Using pipenv, I would imagine the equivalent would be something like:

FROM python3.6

# Install "pipenv"
RUN pip install pipenv

RUN mkdir /app
WORKDIR /app

# In a similar fashion as before if the "Pipfile.lock" doesn't change, the
# image layer is going to be cached.
COPY Pipfile Pipfile
COPY Pipfile.lock Pipfile.lock
RUN pipenv install --deploy --system

ADD . /app
RUN pip install .

# Run the app...
CMD ["python", "-m", "myapp.run", ... ]

If this is something that others have come across and consider a best practice, I believe it would be useful to make it part of the official documentation, since pipenv is meant to be a solution for applications.

For example, before that, I thought that the logical thing would be doing something like:

# Install my application dependencies
pipenv install requests flask celery ...
pipenv install --dev pytest ...

# ...develop my app...

# Add the app to the Pipfile
pipenv install -e .

# commit everything
git add .
git commit ...

This would make it easy for someone to create an application that could be easily installed locally with just a pipenv install --dev. The problem is that now that the application package is part of the Pipfile, Docker layer caching is thrown out of the window (i.e. one has to do ADD . /app much earlier in order for pipenv install --system --deploy to be able to find the application's setup.py).

(This issue is in no way meant to be a complaint or a back in the "pip"-days I used to...-kind of rant. I'm really just hoping for a good discussion with practical advice and seeing how others tackle this issue using "pipenv")

Docker Discussion Type

Source

slint

👍8

Most helpful comment

I'd recommend multistage builds with docker and pipenv

FROM python:3.7 AS base

ENV LC_ALL C.UTF-8
ENV LANG C.UTF-8

WORKDIR /src

FROM base AS build

RUN pip install pipenv

...

# -- Adding Pipfiles, changes should rebuild whole layer
COPY Pipfile Pipfile
COPY Pipfile.lock Pipfile.lock

# -- Install dependencies: --deploy aborts if deps are incorrect with Pipfile.lock or Python version is incorrect
RUN pipenv install --dev --deploy --system


# use alpine for production to keep the image size small
FROM python:3.7-alpine AS release

...
# install dependencies from Pipfile.lock for reproducible builds
COPY Pipfile.lock Pipfile.lock
RUN pipenv install --system --deploy --ignore-pipfile

lukasz-madon on 25 Jul 2019

👍3

All 16 comments

I'm pretty sure the answer you want is to use a Docker Ignore file:

.git
.svn
.cvs
.hg
README*.md
!README*.md

And yeah we can definitely use a documentation note about this, I am sure we have some docker info in the docs, feel free to propose the changes you want to see whenever you work out the best way to structure things (I don't use docker directly so I'll just verify/leave it to the other maintainers to verify)
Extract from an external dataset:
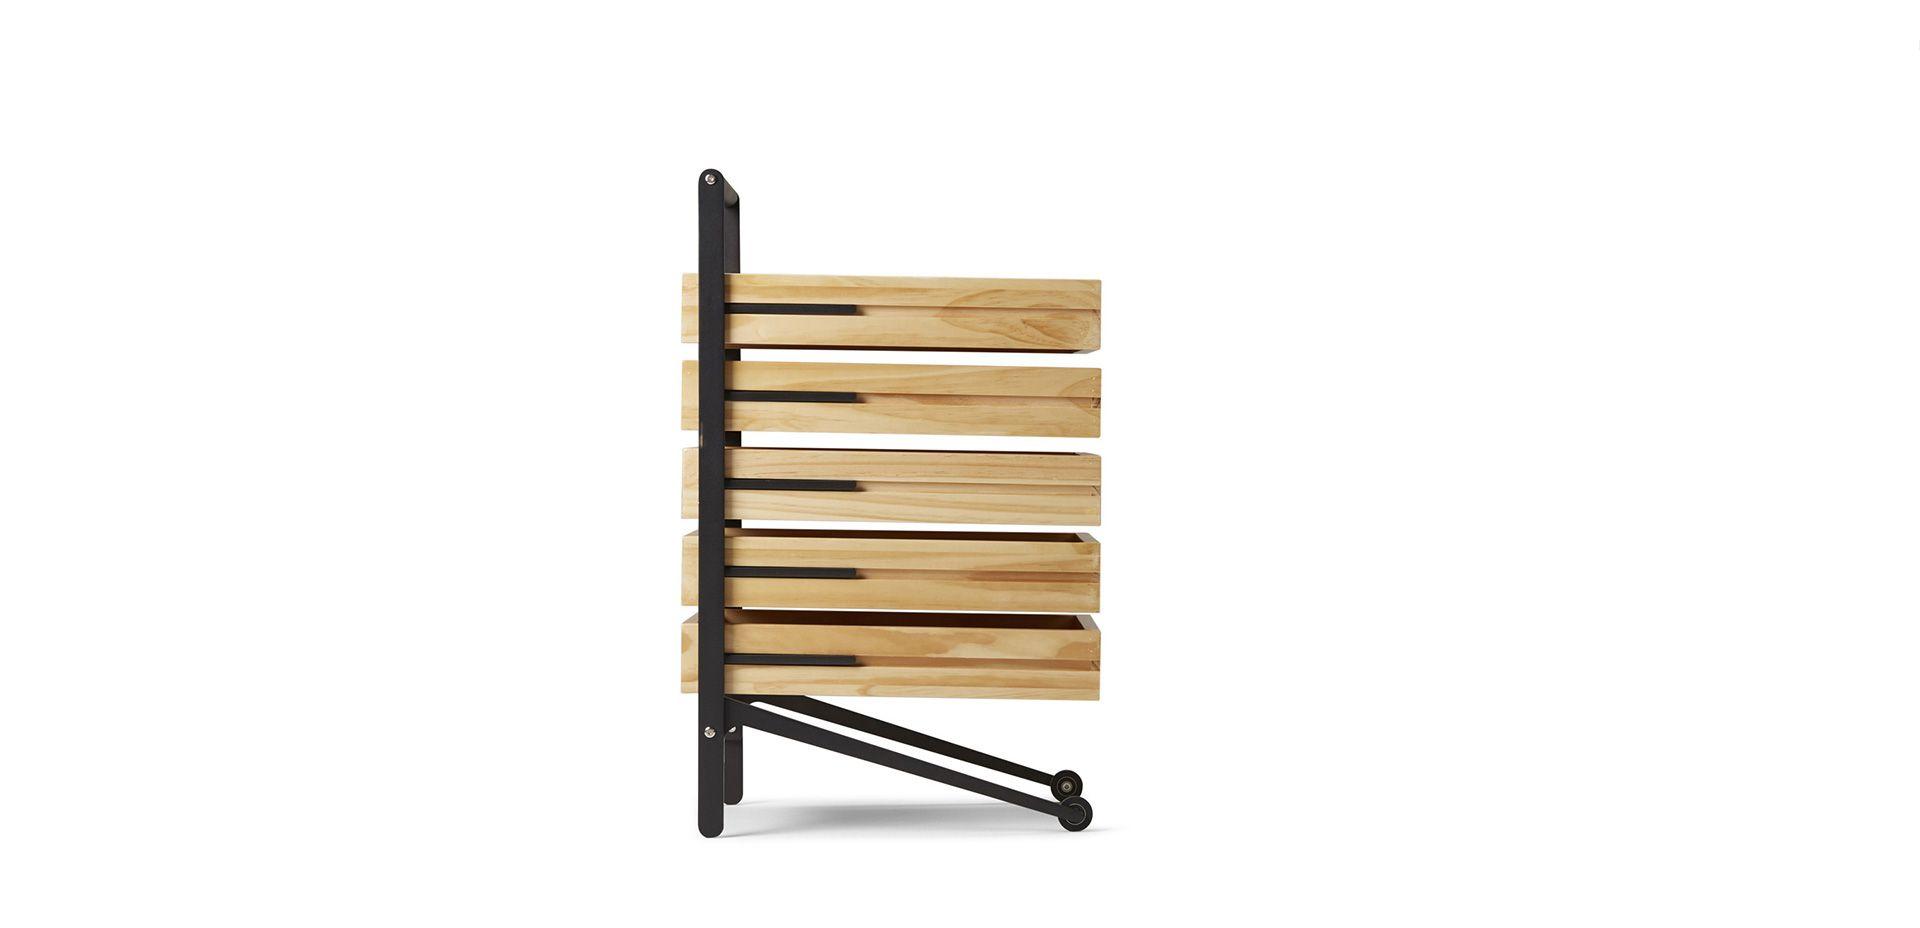 造作 京都手推柜 严谨的日式美学 是你的工作良伴 outdoor chairs outdoor decor decor

techalchemy on 24 Nov 2018

@slint ,
I personally still find it easier to do it in two steps, as per your initial post.
One of the reasons is due to outstanding pipenv bug https://github.com/pypa/pipenv/issues/3148

More details on do I do it in Dockerfile: https://tech.zarmory.com/2018/09/docker-multi-stage-builds-for-python-app.html#pipenv

haizaar on 3 Dec 2018

👍1

Hi @haizaar, sorry for the bother but I'm really interested in what you achieved, i.e. slim & lean docker images with pipenv through multi-stage builds.

I tried to adapt the example you linked but without success.

In particular it's not clear to me where is the step that should include the app sources inside the last stage of your build. Am I missing something? 🤔

Btw my setup only includes a Pipfile & a Pipfile.lock inside the root of my repo alongside the app sources that resides in the app directory.

fusillicode on 5 Dec 2018

Would using the ONBUILD convention outlined in https://github.com/pypa/pipenv/blob/master/Dockerfile work for your use case?

Fongshway on 5 Dec 2018

I don't think so @Fongshway as my goal is to "cook" a lean & custom image with just what I need to run my application :(

fusillicode on 5 Dec 2018

@fusillicode
May be you've missed the part where your own app has a proper setup.py that installs under $PYROOT together with its dependencies - this is what pip install --user . does.

So eventually both your app and its dependencies end up under $PYROOT and you just grab them in the final stage.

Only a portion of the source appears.